On-device AI inference reached a practical threshold in mid-2026 that changes the economics of mobile AI applications. Qualcomm's Snapdragon 8 Elite, shipping in flagship Android devices since Q1 2026, now runs Llama 3.1 7B at 30 tokens per second with quantized weights — fast enough for real-time chat, code completion, and summarization without a cloud round-trip.
MediaTek's Dimensity 9400 achieves comparable throughput through a different architectural approach, using a dedicated NPU cluster that draws only 3.2 watts at peak AI load. For a phone running on battery, that power envelope means continuous AI inference without meaningful impact on daily use time.
The implications are significant for three categories of applications. First, privacy-sensitive use cases — medical symptom checking, legal document review, financial analysis — can now stay entirely on the device. Second, latency-critical applications like real-time translation and live caption generation benefit from eliminating the 80-to-200ms cloud round-trip. Third, developers in markets with unreliable connectivity (large portions of Southeast Asia, Sub-Saharan Africa, Latin America) can build AI features that actually work offline.
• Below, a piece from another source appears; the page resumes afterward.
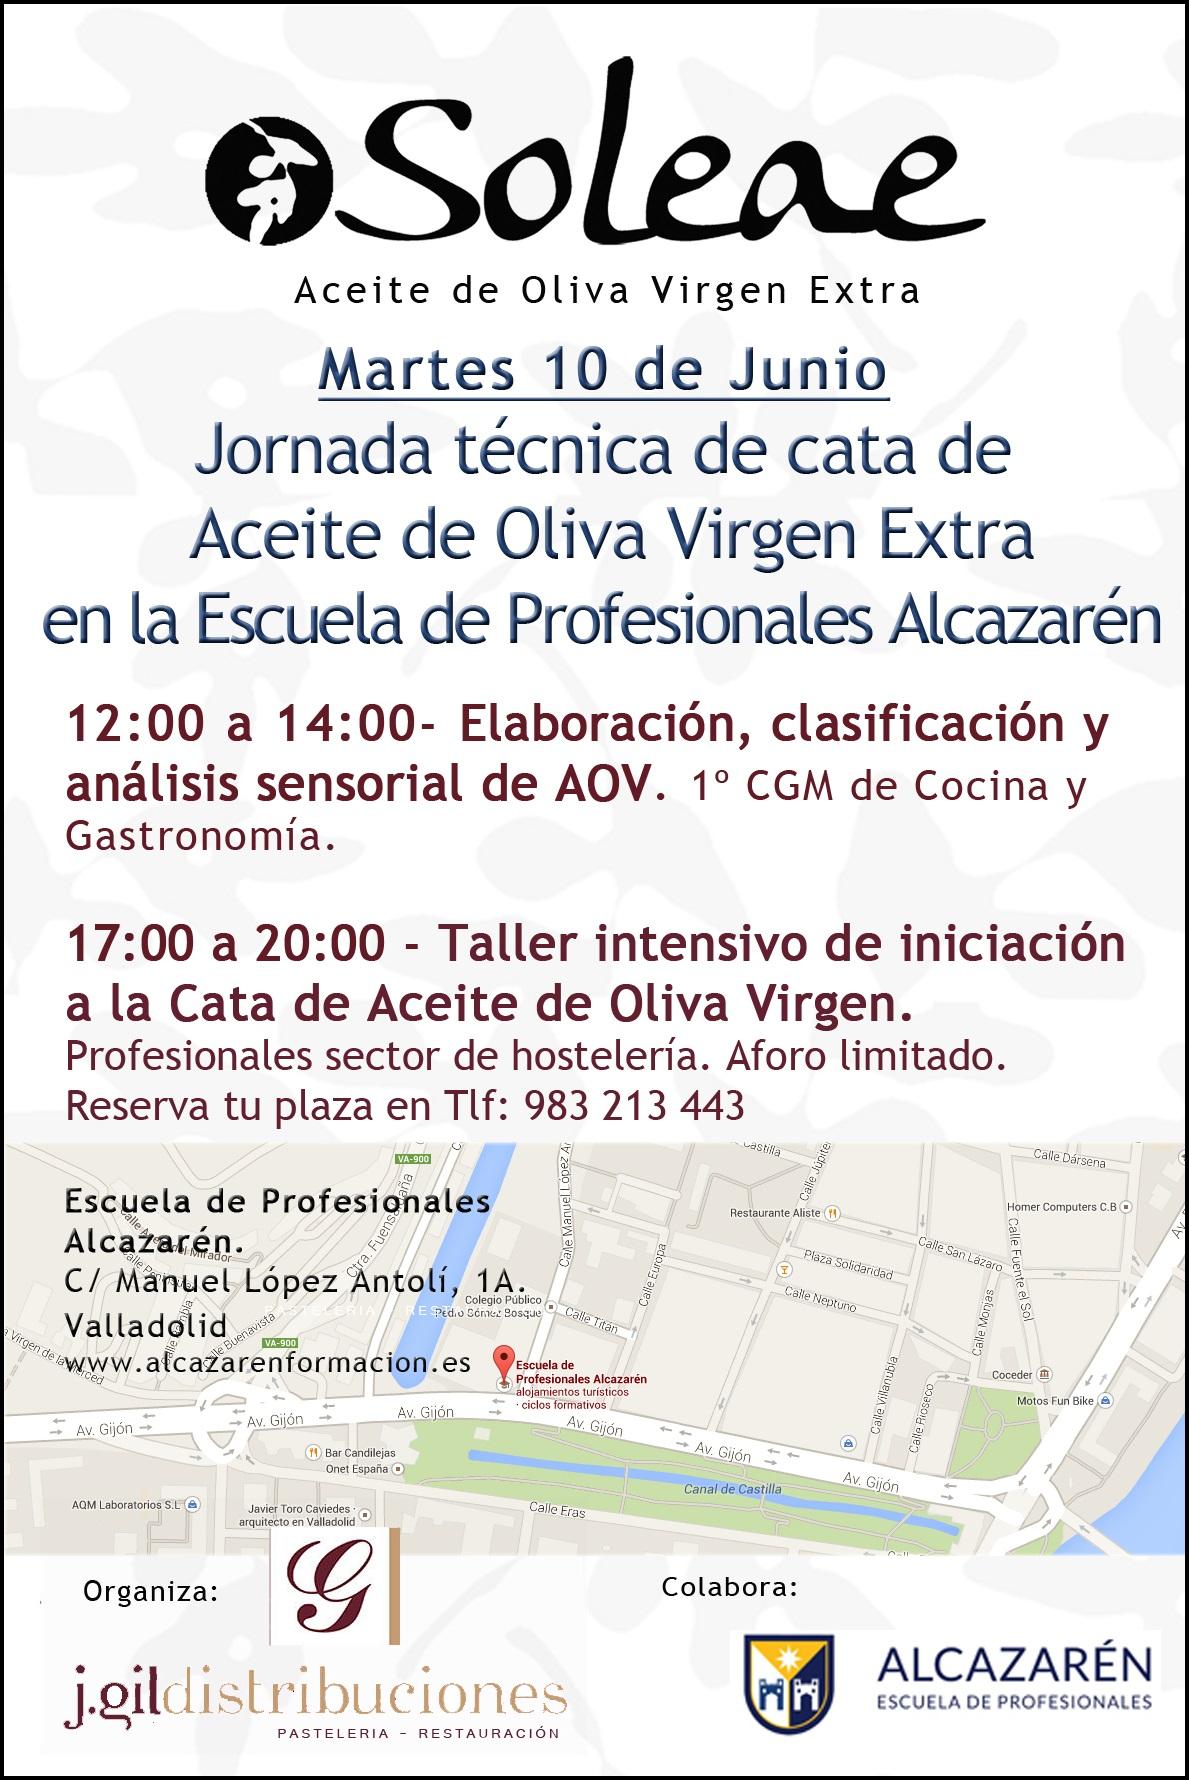 Jornada técnica de cata en Valladolid

Apple's A18 Pro in the iPhone 16 Pro established the benchmark that both Android chipmakers are chasing: 38 tokens per second on the on-device model powering Apple Intelligence features. The gap has closed from roughly 3x eighteen months ago to under 30% today.
Model compression has enabled this shift as much as raw silicon performance. Techniques like INT4 quantization, weight sharing, and structured pruning allow 7B-parameter models that would have required 14GB of RAM at full precision to run in under 4GB — within reach of mainstream flagship devices.
The next frontier is 13B models on mobile. Current silicon handles this class only at reduced token rates (8-12 tokens per second), but roadmaps from both Qualcomm and MediaTek suggest crossing the 20 tokens-per-second threshold for 13B models by early 2027, which would bring near-GPT-4-class capability to devices without any cloud dependency.